Before you return the lines below, strip out any images and keep every word as written.

::: DATA SHOWN :::

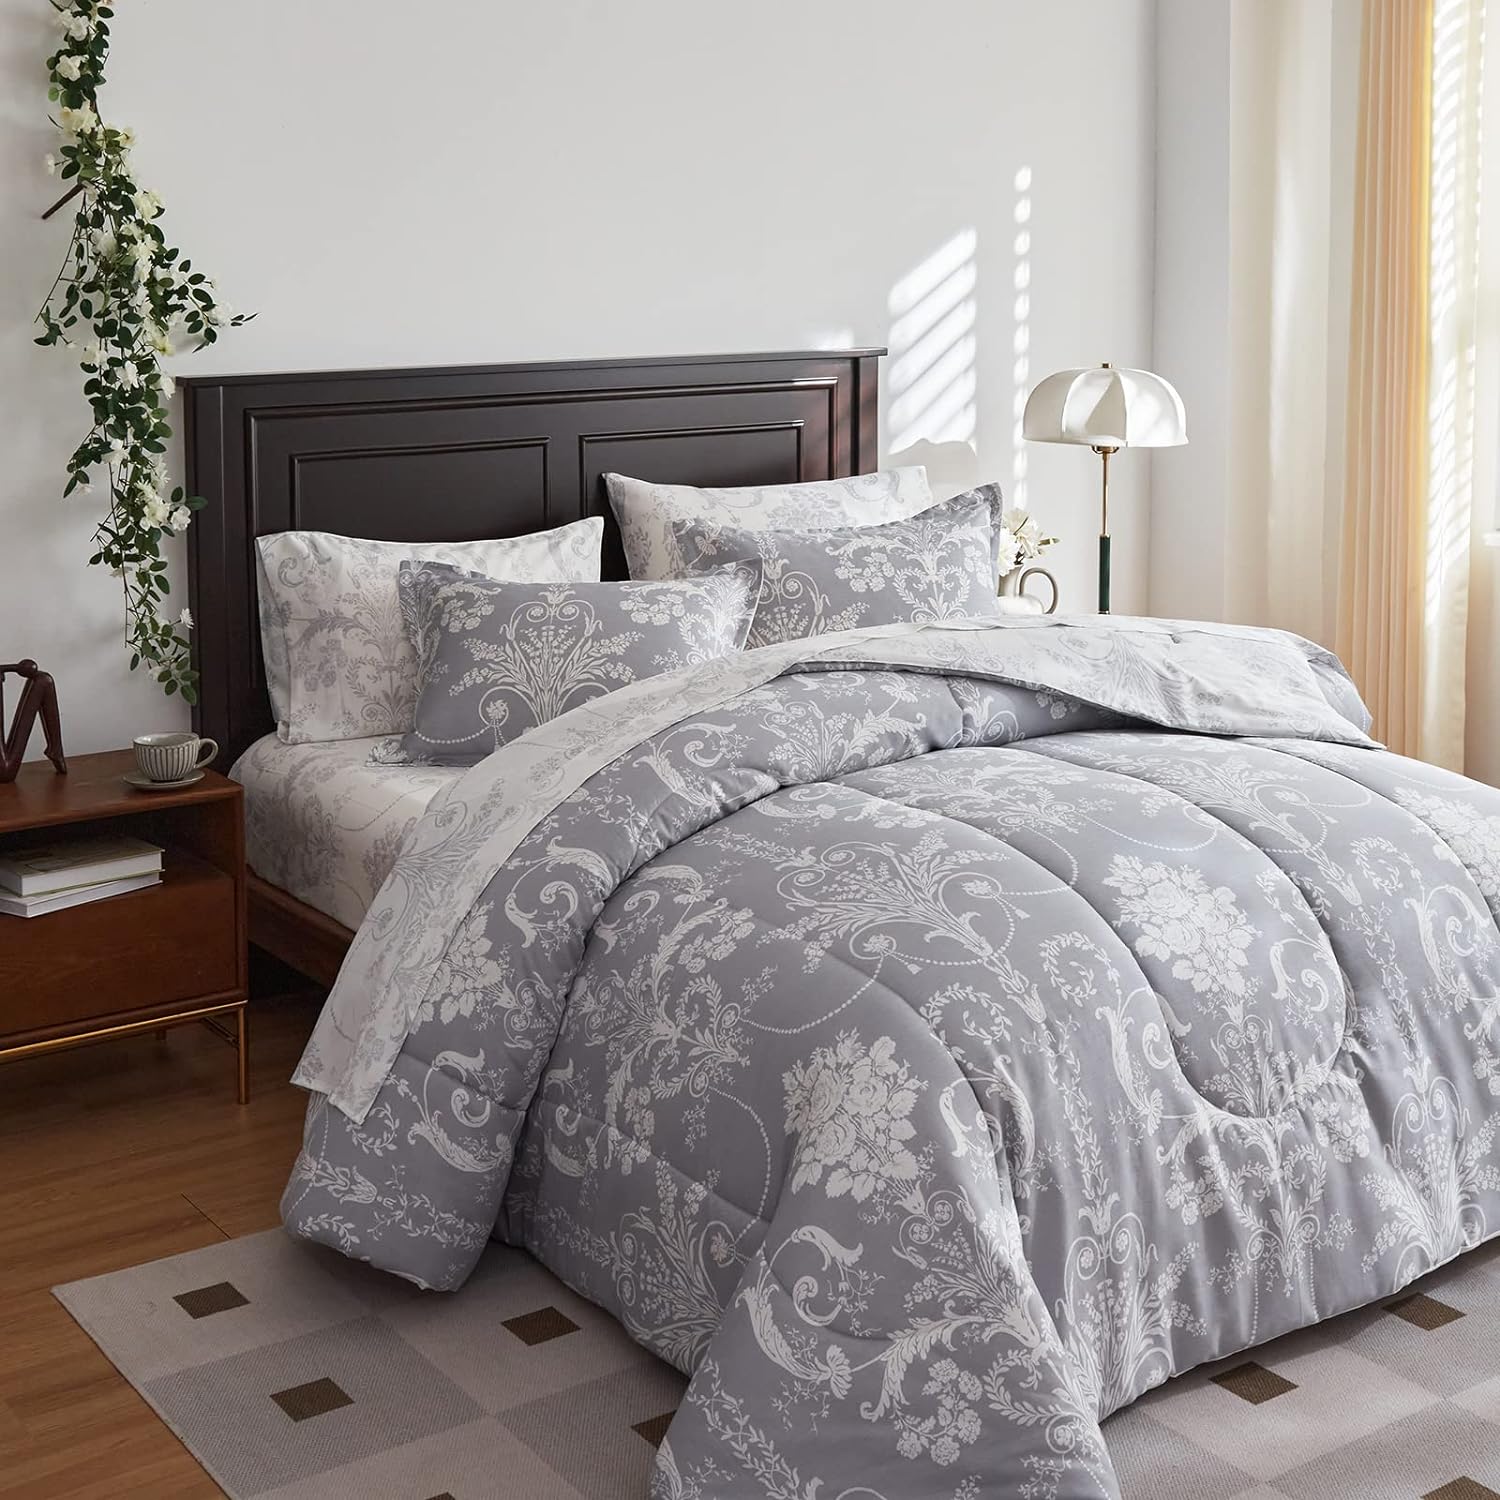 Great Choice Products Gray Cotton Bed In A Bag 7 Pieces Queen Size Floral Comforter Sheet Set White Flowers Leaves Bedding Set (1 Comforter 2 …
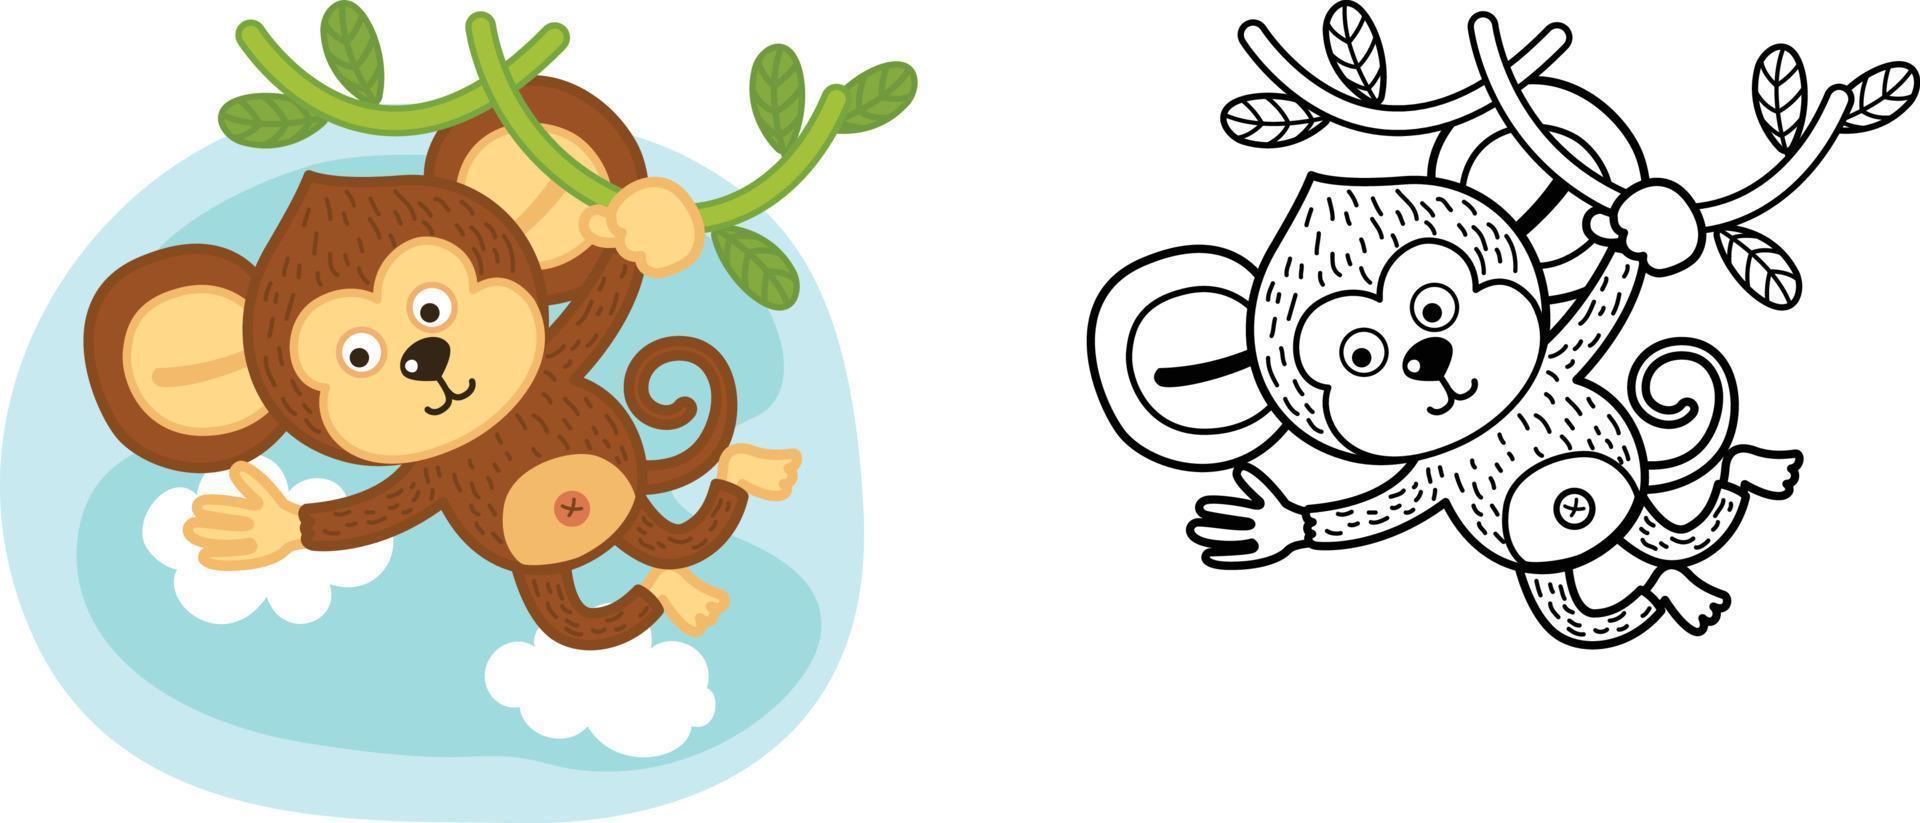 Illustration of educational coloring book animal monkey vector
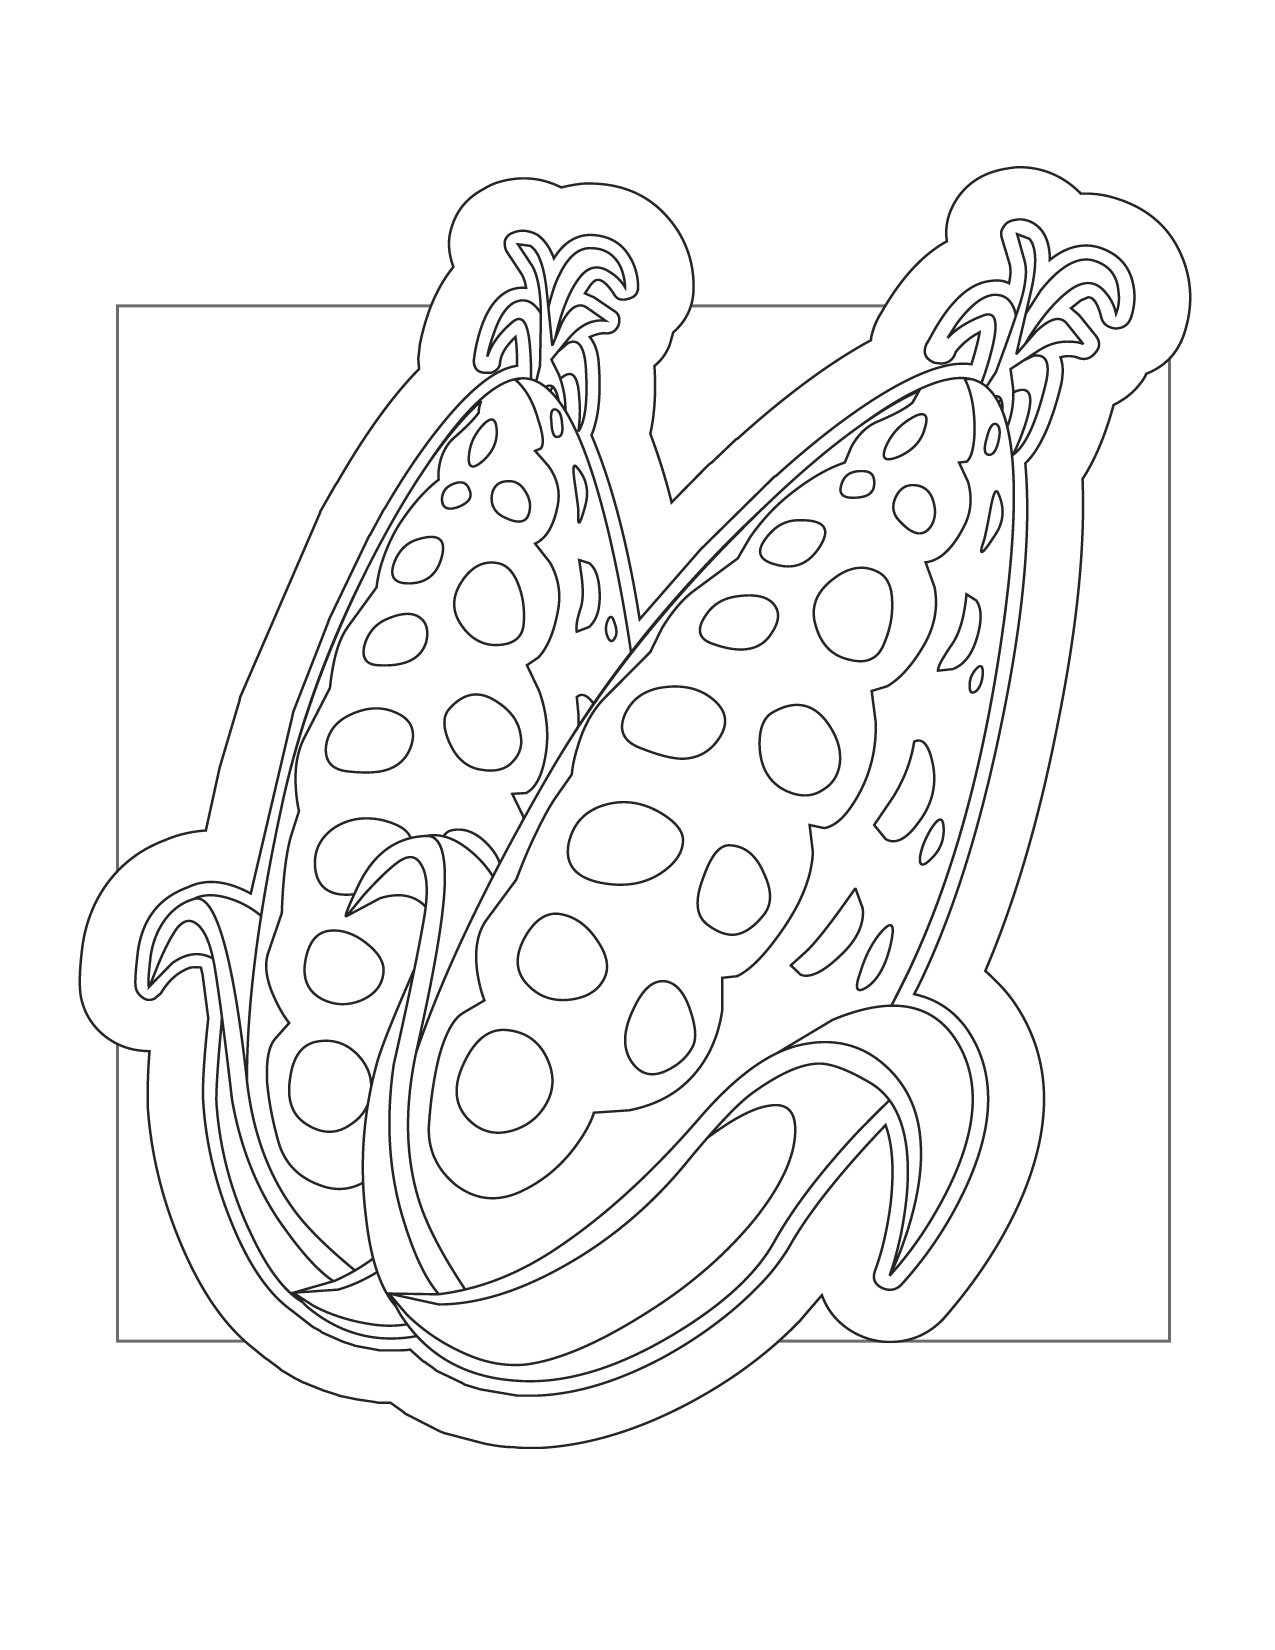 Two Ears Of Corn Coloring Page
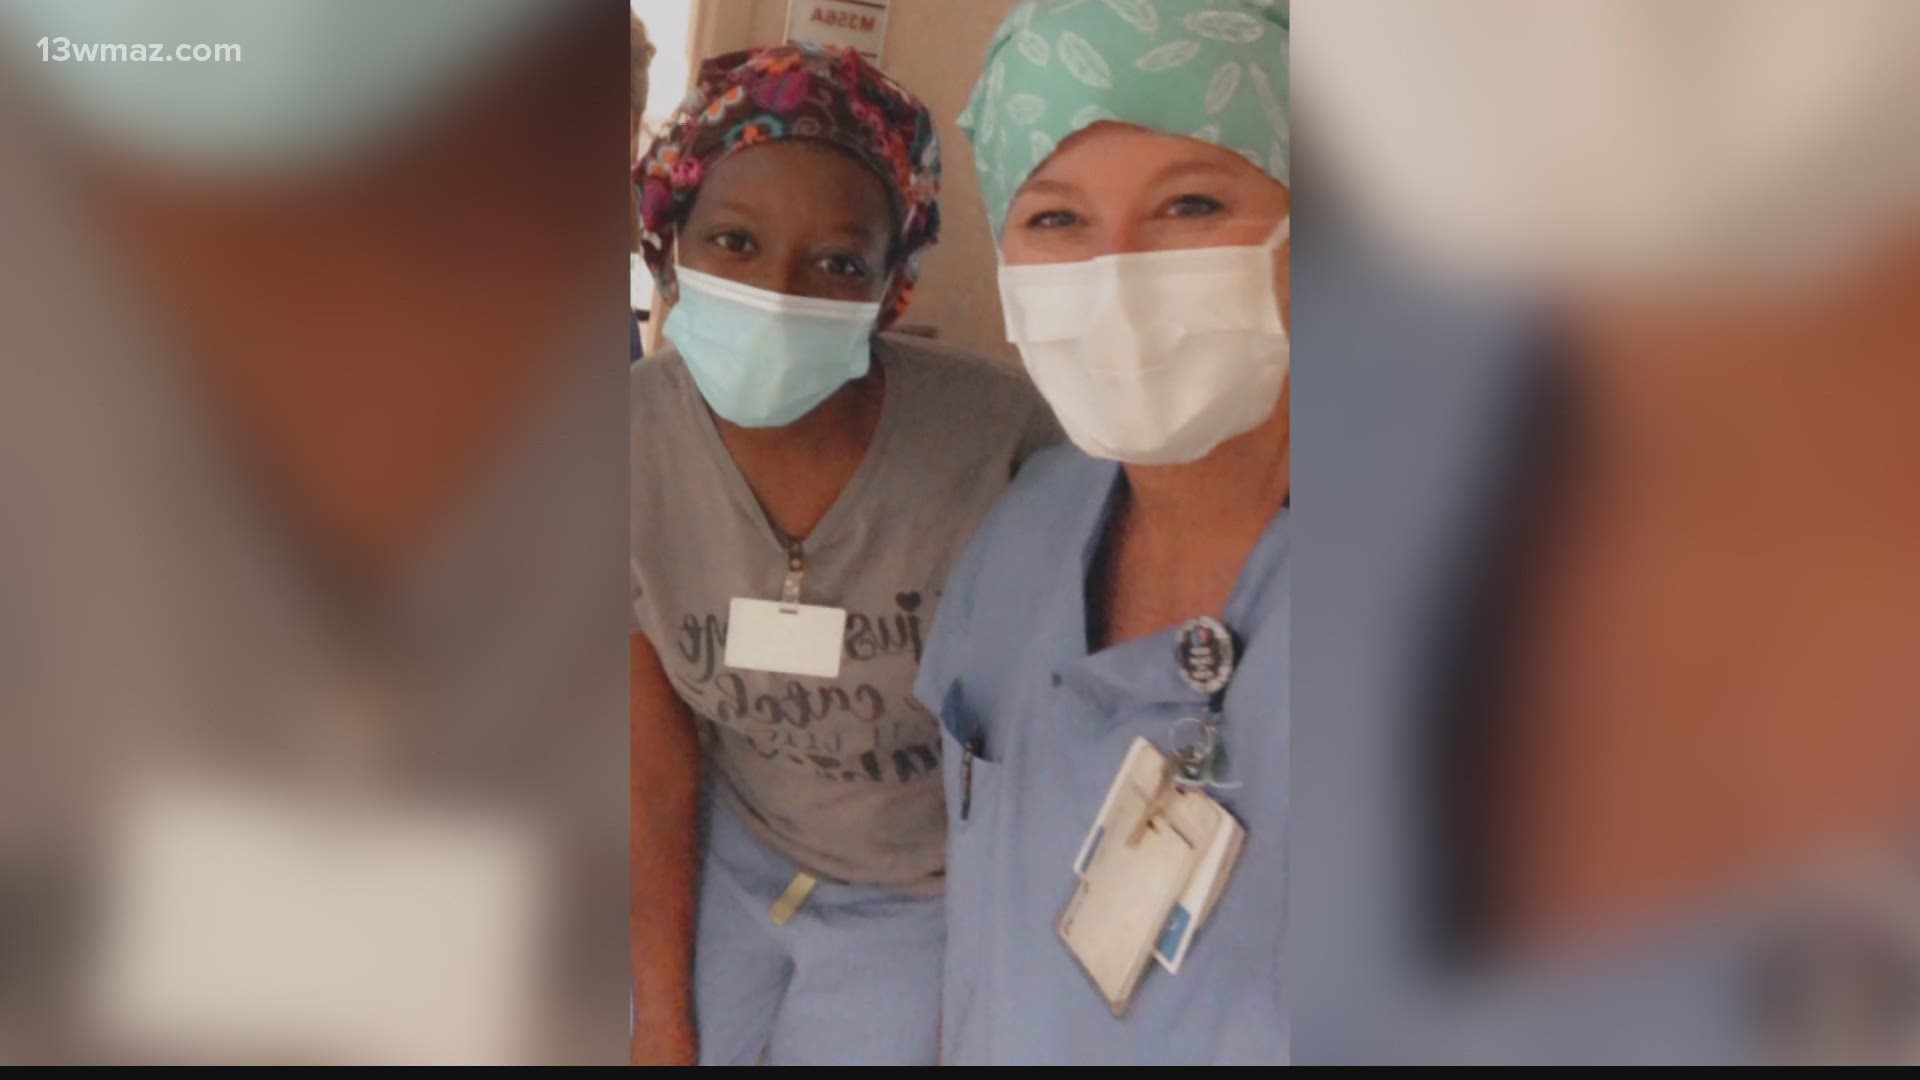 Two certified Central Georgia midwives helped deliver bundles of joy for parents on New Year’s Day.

:::

**ANSWER TO THE EXERCISE:**
 Great Choice Products Gray Cotton Bed In A Bag 7 Pieces Queen Size Floral Comforter Sheet Set White Flowers Leaves Bedding Set (1 Comforter 2 …
 Illustration of educational coloring book animal monkey vector
 Two Ears Of Corn Coloring Page
 Two certified Central Georgia midwives helped deliver bundles of joy for parents on New Year’s Day.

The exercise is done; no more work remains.